Когда Маргарита не принимала гостей, она сидела в маленькой угловой гостиной с гризайлями на стенах, где изображались времена года в виде гарпий. Весна, юная гарпия с еще плоской грудью, выступала из-под молодой листвы с веточкой в зубах, а громадные когти наполовину были заслонены испанскими ирисами на переднем плане. Летняя гарпия, в индийской тиаре и пышной мантии из ястребиного оперения, восседала на балюстраде отяжелевшего от плодов сада. Пьяная Осень простирала раскинутые крылья над чертополохом и виноградниками. А изголодавшаяся и покрытая сыпью зимняя старуха-гарпия дрожала под сухим деревом над скелетом козленка, на фоне пустынного пейзажа. Наконец, над желтым шелковым диваном, из тондо[61] в эбеновой рамке выступало объемное лицо украшенной драгоценностями гарпии с торчащим хохолком. Под взором этих вечных матерей, способных внезапно унести душу, точно факел, Маргарита любила усаживаться поудобнее на желтом диване, всегда с какой-нибудь книгой, а рядом нередко стояла бутылка неббиоло, чей поблекший от возраста рубиновый цвет приобретал золотистый оттенок сухих роз. Она жила здесь вместе с вдовой торговца шерстью, убитого четыре месяца тому разбойниками на дороге в Витербо, - молодой женщиной с каштановыми волосами, которая, улыбаясь, прикрывала рот рукой.
— Вот письмо, - сказала Коломба Де Сантис.
«...И если ты хочешь получить ребенка - моего ребенка - в целости и сохранности, тебе отдадут его в корзинке, на память обо мне, на память обо мне... Он прибудет в октябре...»
— Какой скверный слог, - воскликнула Маргарита, - но какая трогательная гордость и какая простодушная вера!.. Этот ребенок станет нашим, а этот дом - его домом. Напиши сейчас же, дорогая Коломба, вот только...

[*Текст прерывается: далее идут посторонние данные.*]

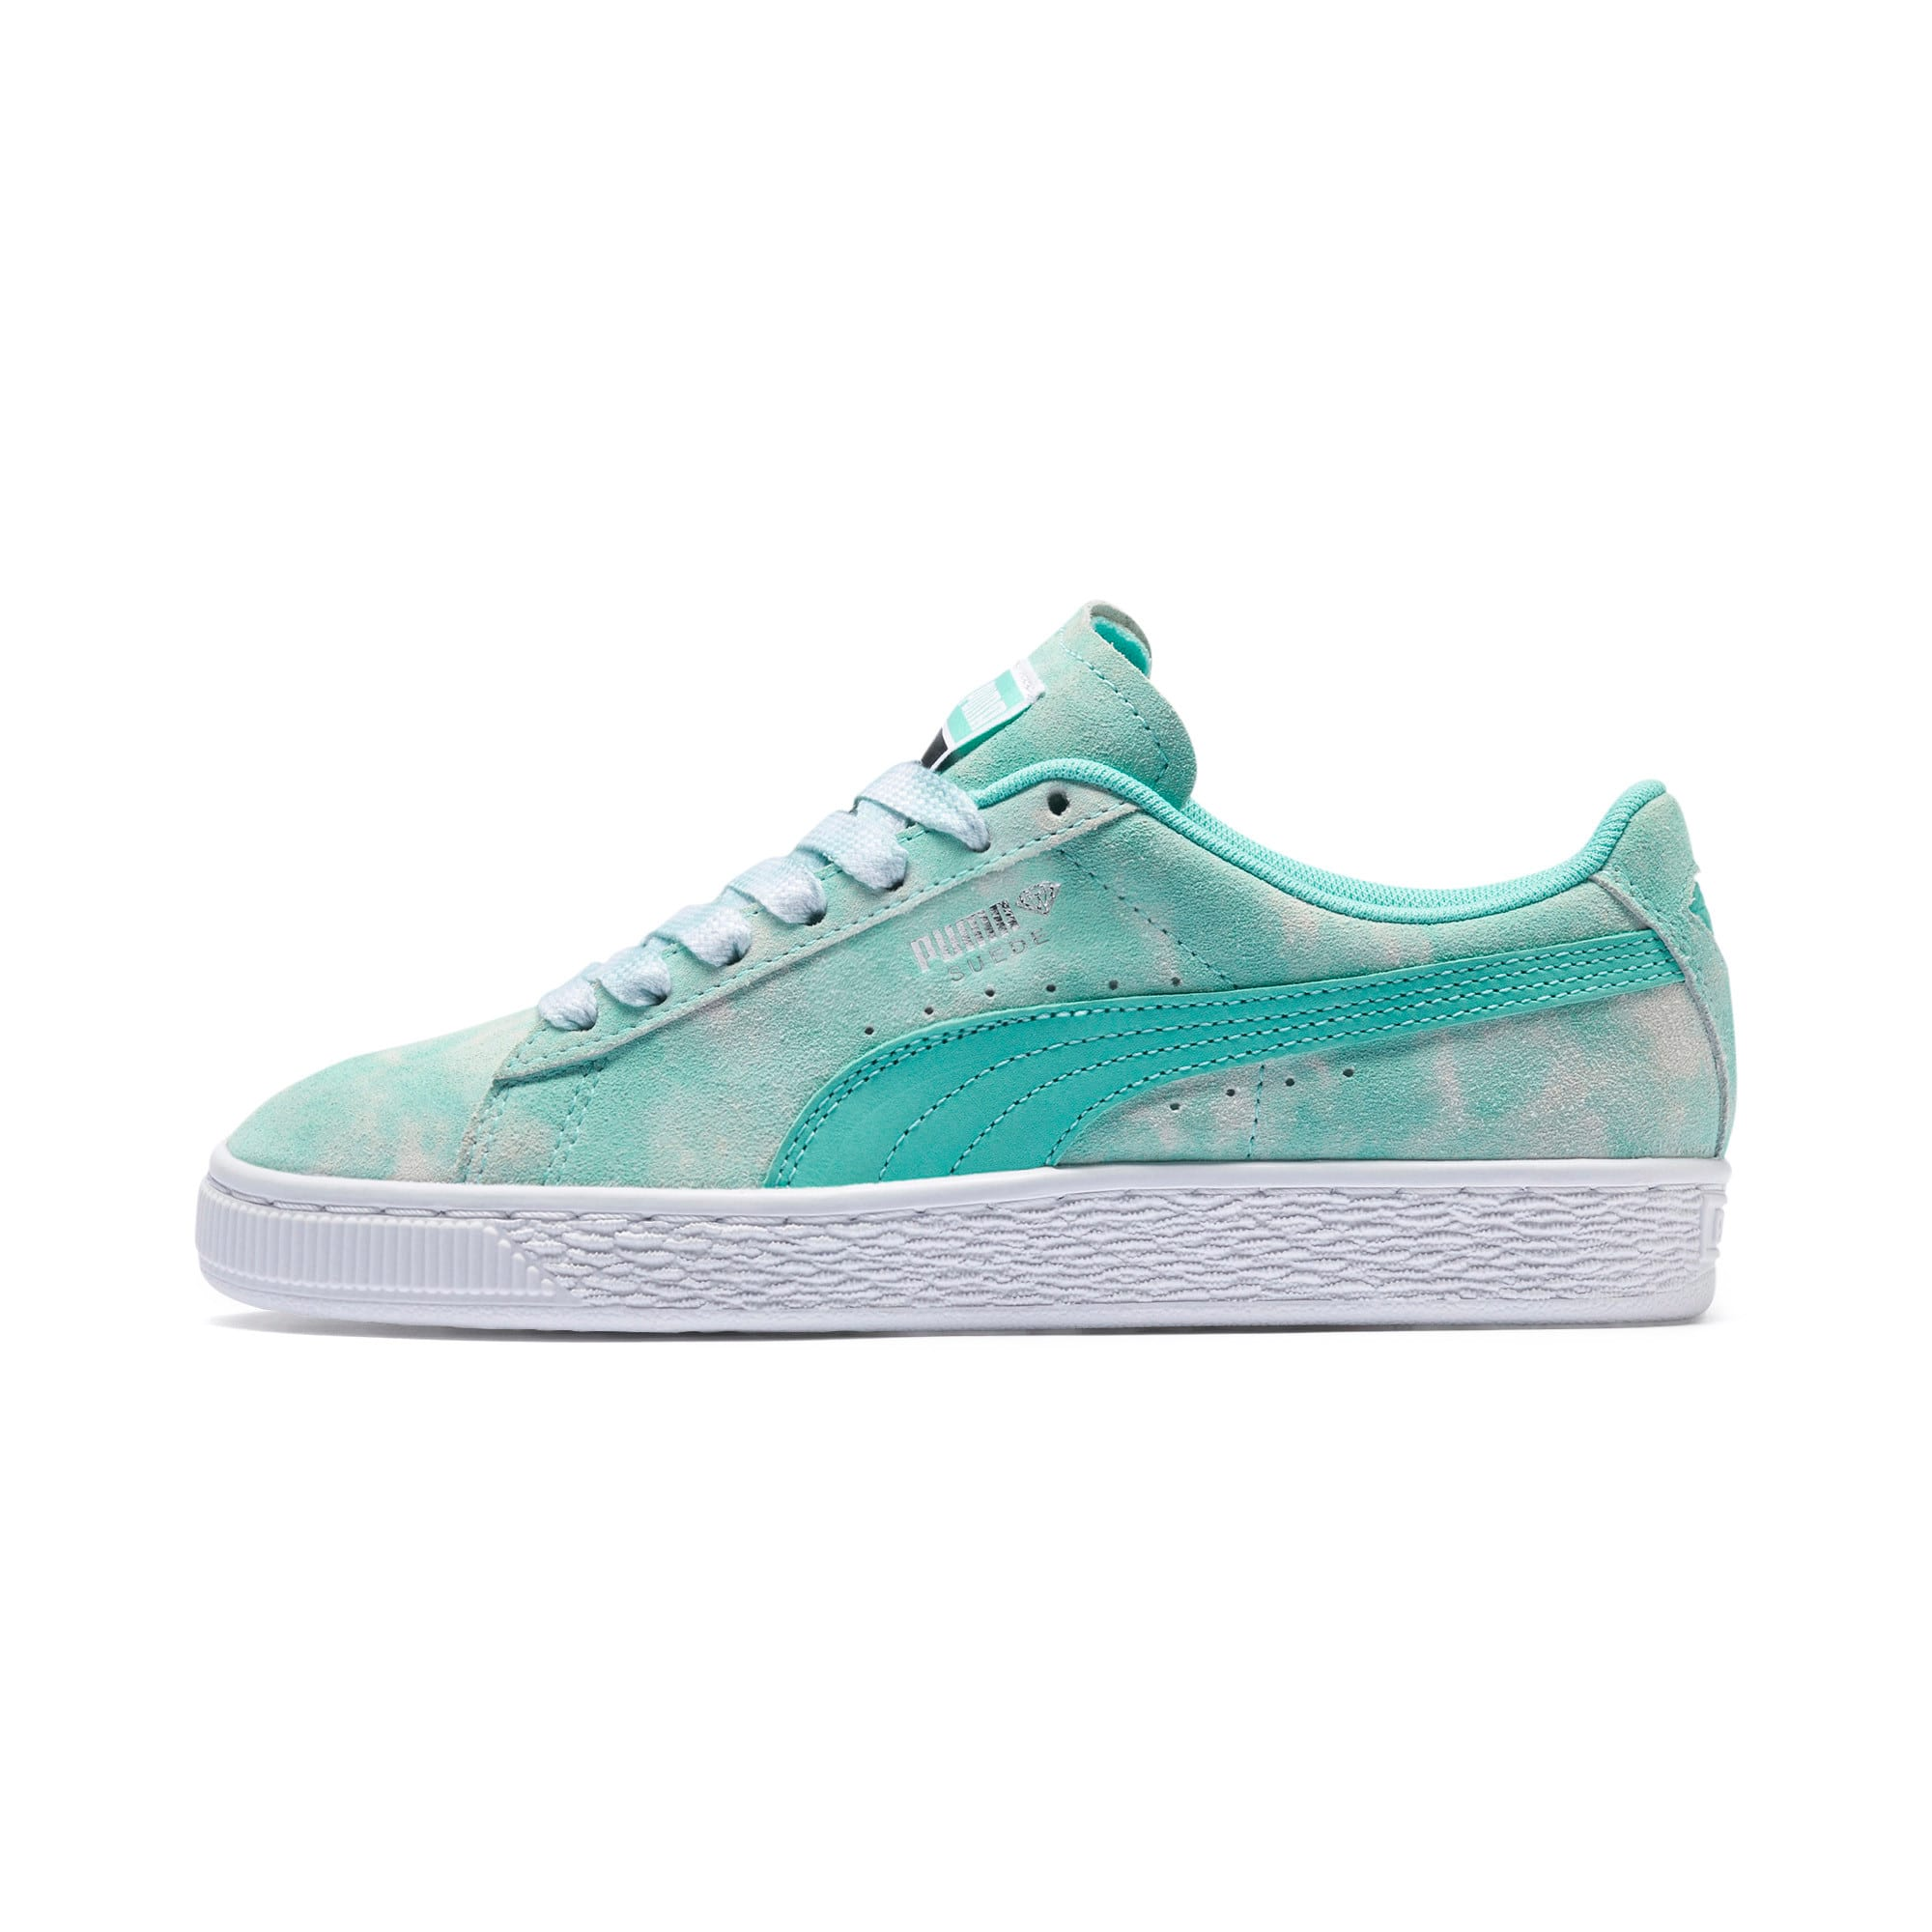 Miniatura 1 de Zapatos deportivosPUMA x DIAMOND SUPPLY CO. Suede JR, Diamond Blue-Diamond Blue, mediano
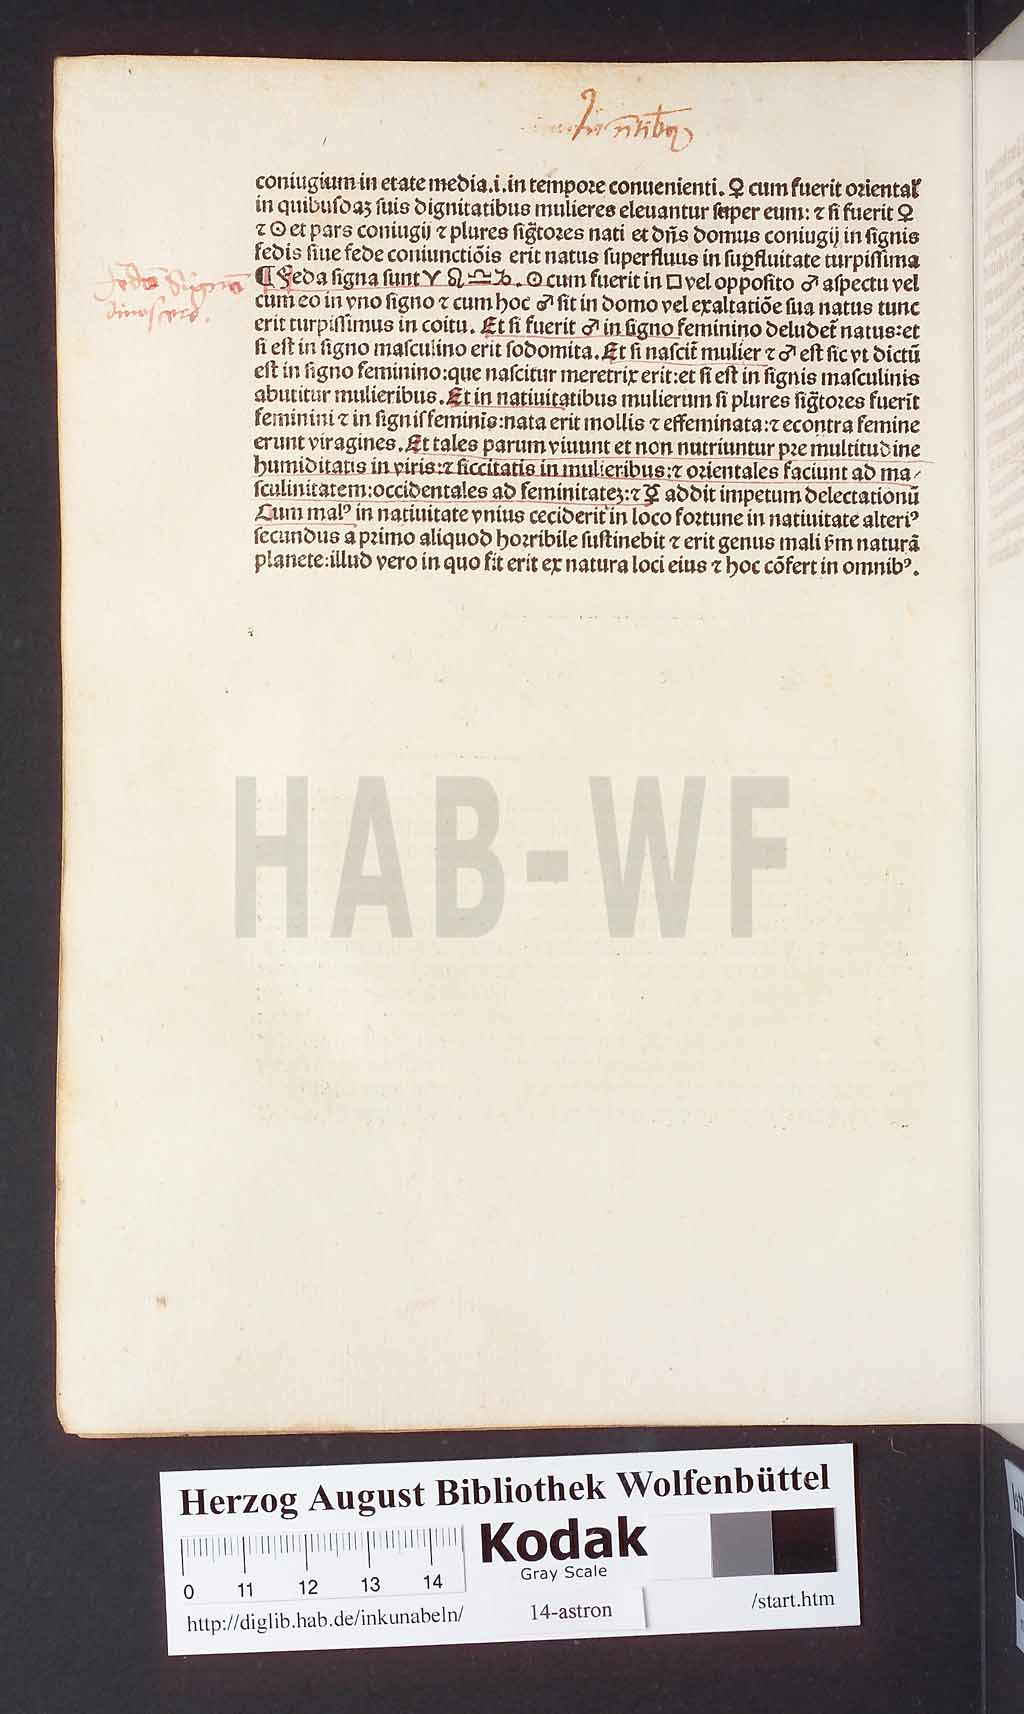 http://diglib.hab.de/inkunabeln/14-astron/00128.jpg

Она вдруг запнулась: приличия не позволяли спросить, кто же отец ребенка, который с первыми туманами должен родиться в этом орлином гнезде.
В орлином гнезде страх разоблачения сводил Беатриче с ума всего пару часов, после чего она приняла решение, написала и отправила письмо. И хотя ни на секунду не могла вообразить, что Коломба откажет, полученный ответ наполнил ее бескрайним счастьем. Не выдавая свой секрет Олимпио, Беатриче стала проявлять холодность, причин которой тот не понимал и, поскольку это задевало его самолюбие, сурово осудил Беатриче и даже начал относиться к ней с тайным презрением, смутной неприязнью. По правде говоря, он больше не казался ей таким привлекательным, как во время рассказов о битве при Лепанто, и внезапно вспыхнувшая страсть вскоре угасла от пресыщения. Ведь, оставаясь внешне прежней, Беатриче менялась, точно деревья в годичном круговороте.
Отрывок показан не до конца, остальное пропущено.